November 2024
Deadstock velvet and lurex upholstery fabrics, copper wire, mohair, secondhand ribbon.
Menswear is the state of not having to think about what is on your body, how it’s laying, or how it affects your movement. It revolves in recent history around tailoring, though the body is straight - or maybe because the body is straight. Menswear has also been shaped historically by war - whether a knight’s armor or the trickle-down of his underclothes to commoners’ popular clothing (think of the jerkin) or the standardization of mens’ pants sizes as a result of WWII. Certain motifs in this collection include the structures of armor, particularly lame, which provides flex and articulation through overlapping, sliding plates of metal at joints on the body. A technology that provides comfort and ease of movement though it is heavy and cumbersome.
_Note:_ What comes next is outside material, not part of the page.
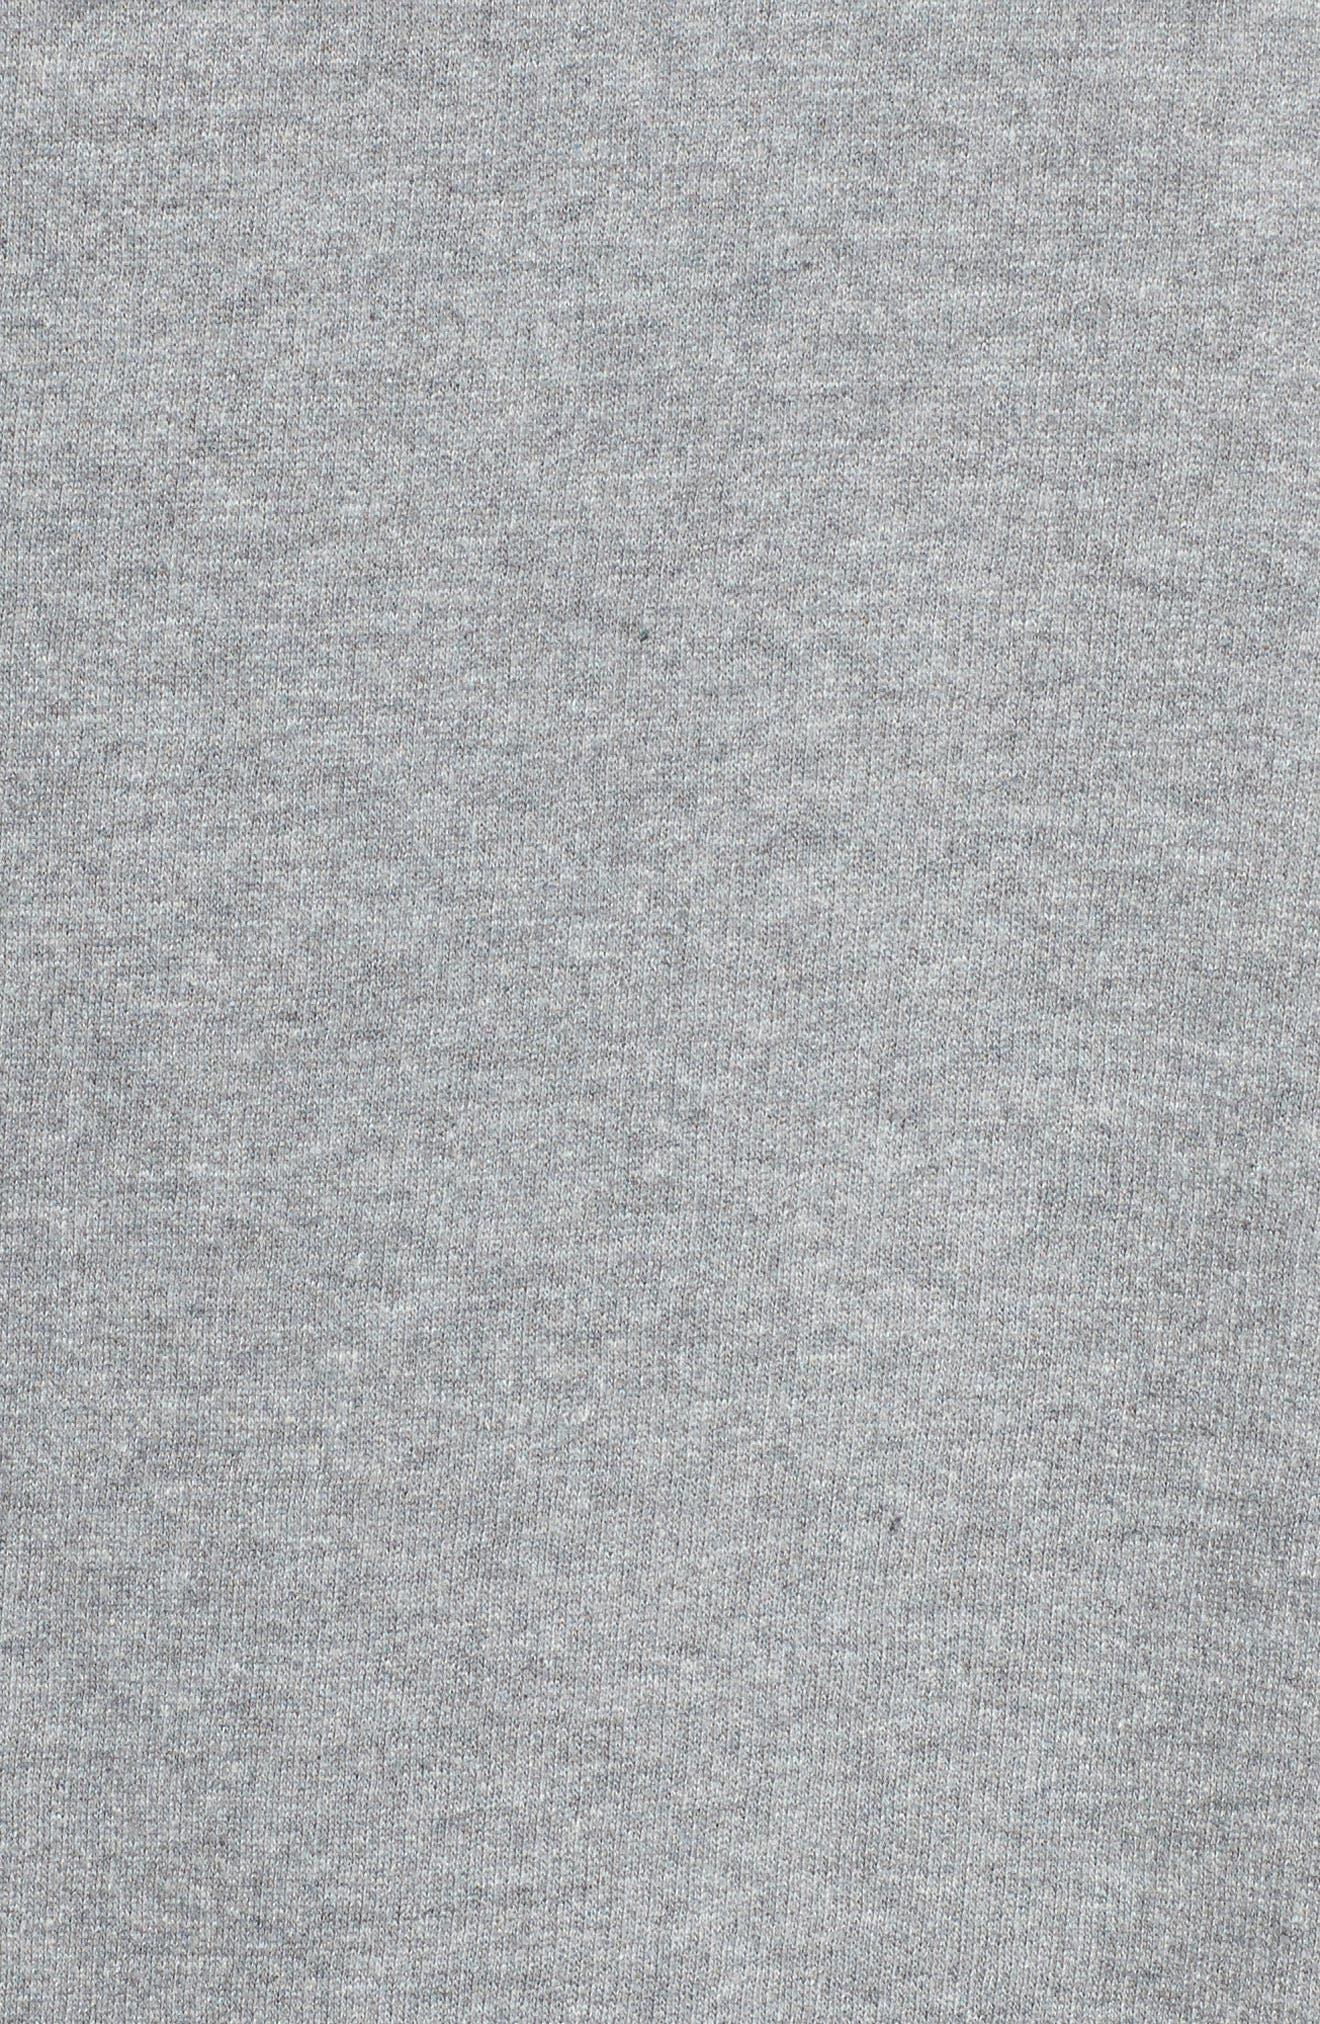 Crewneck Sweatshirt,                             Alternate thumbnail 5, color,                             Heather Grey

In contrast, womenswear isn’t about discomfort, but does almost nothing to consider comfort or ease when there are other, more important and aesthetic considerations to a garment. Discomfort is practically a tenet of womenswear.
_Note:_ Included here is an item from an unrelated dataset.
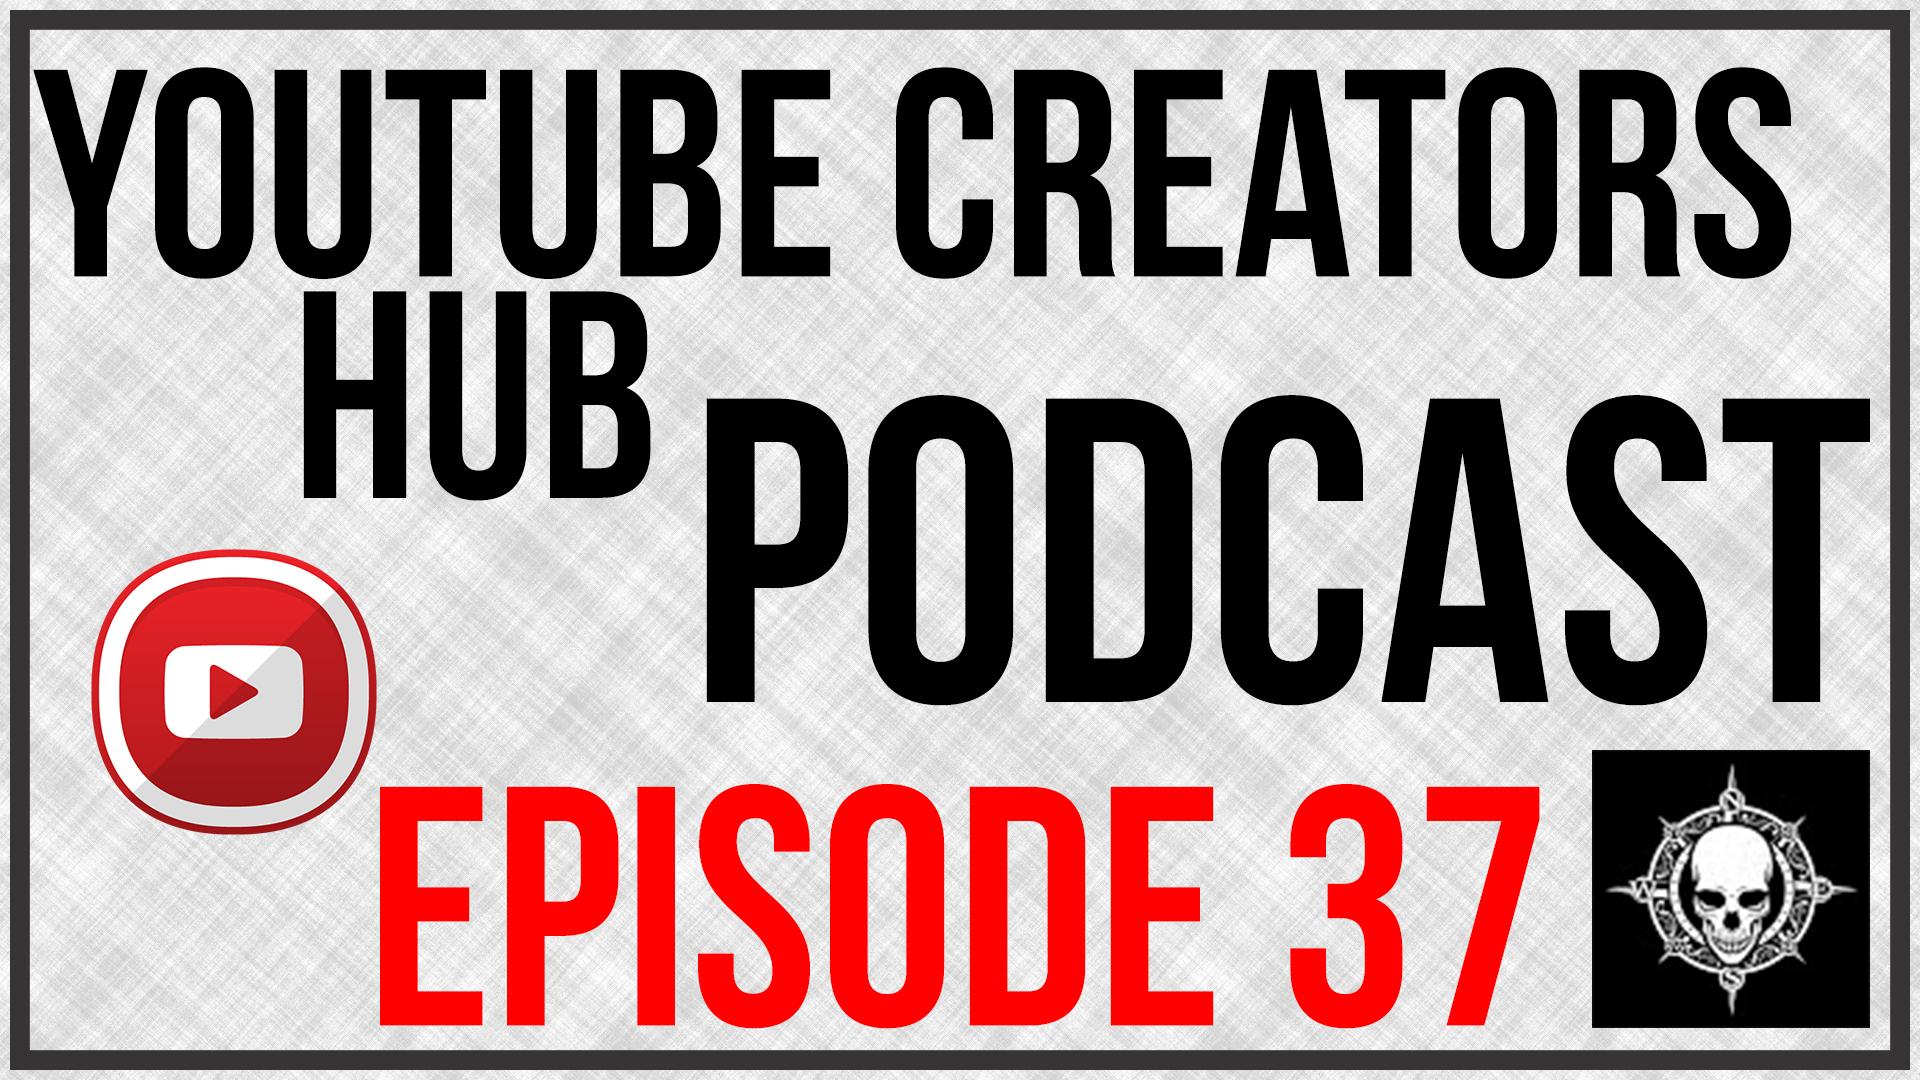 YouTube Creators Hub Podcast Episode 37

My goal with these pants was to put men into clothes they are aware of with every step. Both a social awareness, that they are out of place in what is both pants and a skirt, and a physical awareness, with the minor hindrance to their stride and corset lacing to bind the legs together. A restriction that takes place both at home and outside - the inconvenience and time of lacing up one’s clothes and then the restriction of wearing these clothes. This is really just a taste of what it is to wear women’s clothes, have them drag and pull and come undone, and bind and distract and bother.
My collection is about women being placed in the background, ignored and obscured. It is about how men don’t see this or realize their bias even when they think they do, and how incredible scrutiny (of the self and the world) are needed for them to realize their implicity. Each piece of clothing is an exercise in male attention.
Knitting wire links feminine skill and craft with chainmail, one of the few famously uncomfortable pieces of menswear. The knit has none of the weight of chainmail and is instead a very comfortable alternative. Imagine a version of history where this craft was valued and used in war costume, how much easier it might’ve been to move around had a knitter had any input.